## INPUT DATA
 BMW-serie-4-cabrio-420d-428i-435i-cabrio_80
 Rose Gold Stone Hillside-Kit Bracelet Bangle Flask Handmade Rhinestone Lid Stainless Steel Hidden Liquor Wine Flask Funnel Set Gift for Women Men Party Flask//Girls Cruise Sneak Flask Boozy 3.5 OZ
* * *
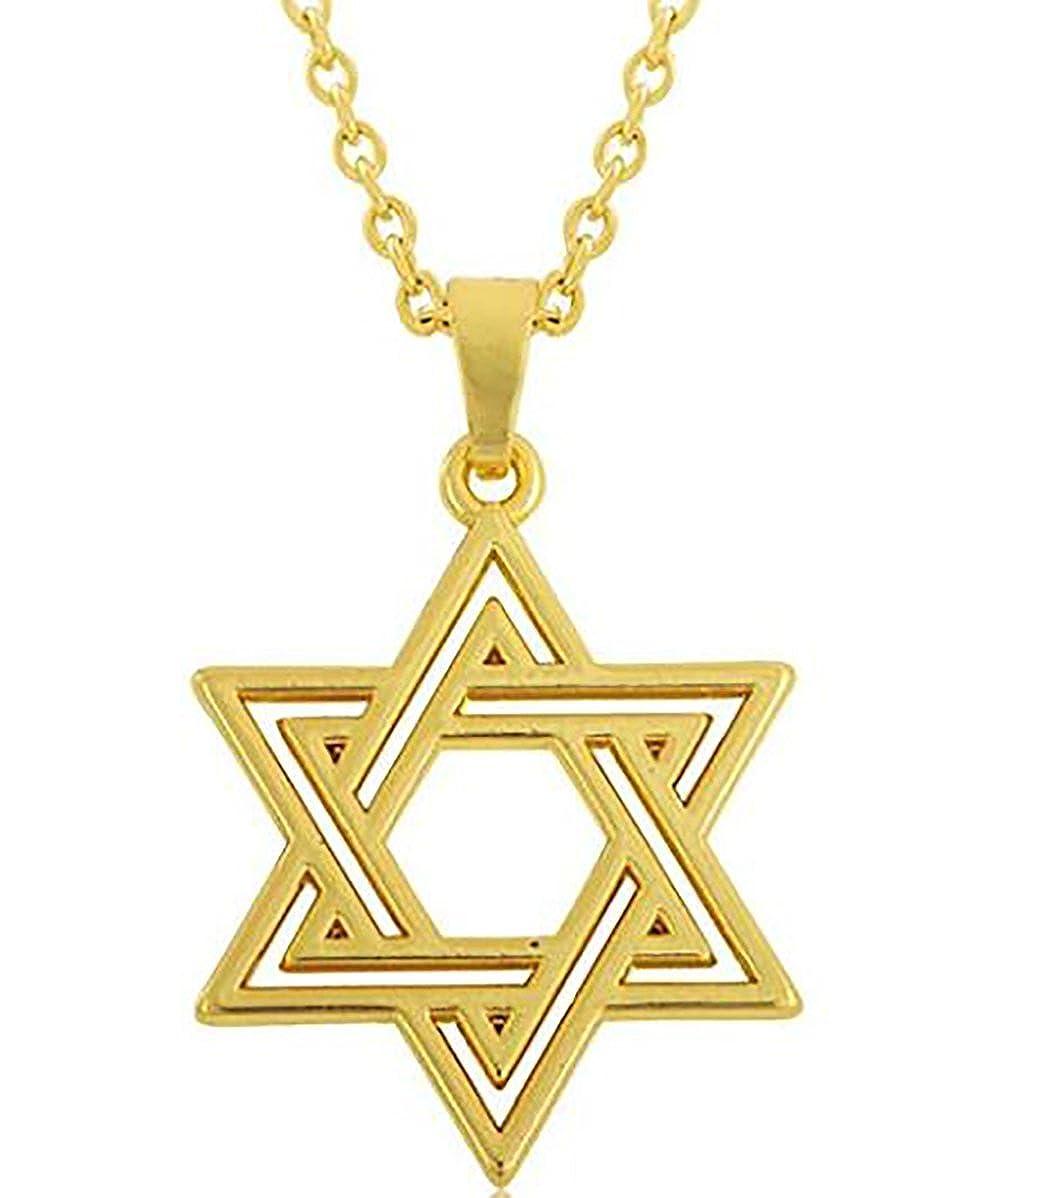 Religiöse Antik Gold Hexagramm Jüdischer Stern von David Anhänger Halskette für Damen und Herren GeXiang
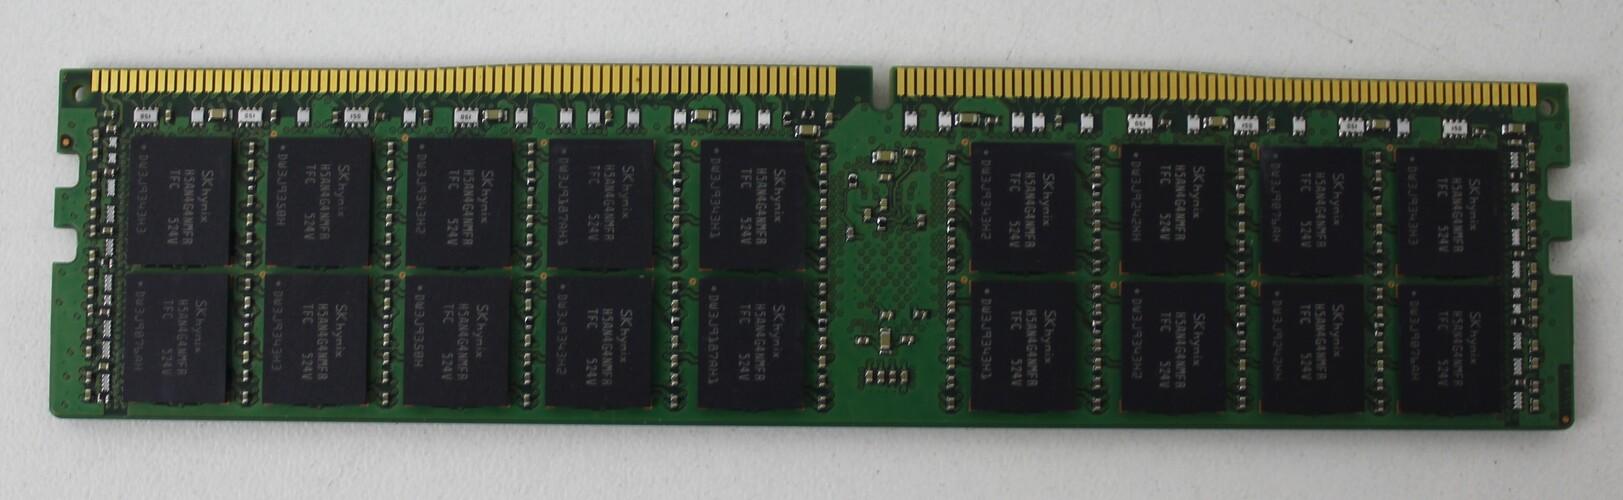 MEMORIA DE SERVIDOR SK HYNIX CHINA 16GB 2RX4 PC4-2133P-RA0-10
==
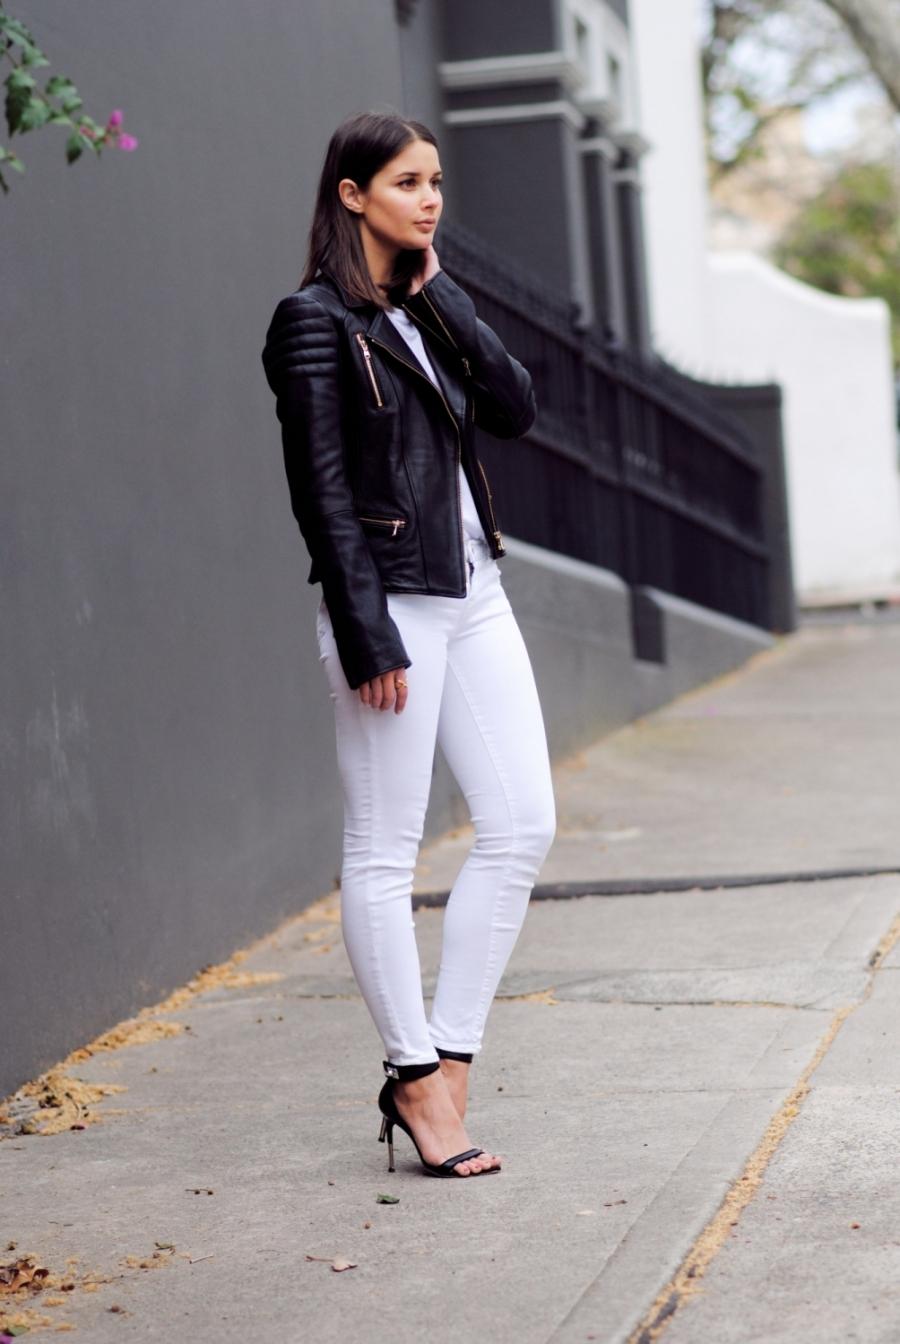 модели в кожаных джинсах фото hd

## WORK INSTRUCTION
In the listing above, find the line with "BMW-serie-4-cabrio-420d-428i-435i-cabrio_80" and the line with "Rose Gold Stone", then print exactly those lines and every line between them.

## RESULT
 BMW-serie-4-cabrio-420d-428i-435i-cabrio_80
 Rose Gold Stone Hillside-Kit Bracelet Bangle Flask Handmade Rhinestone Lid Stainless Steel Hidden Liquor Wine Flask Funnel Set Gift for Women Men Party Flask//Girls Cruise Sneak Flask Boozy 3.5 OZ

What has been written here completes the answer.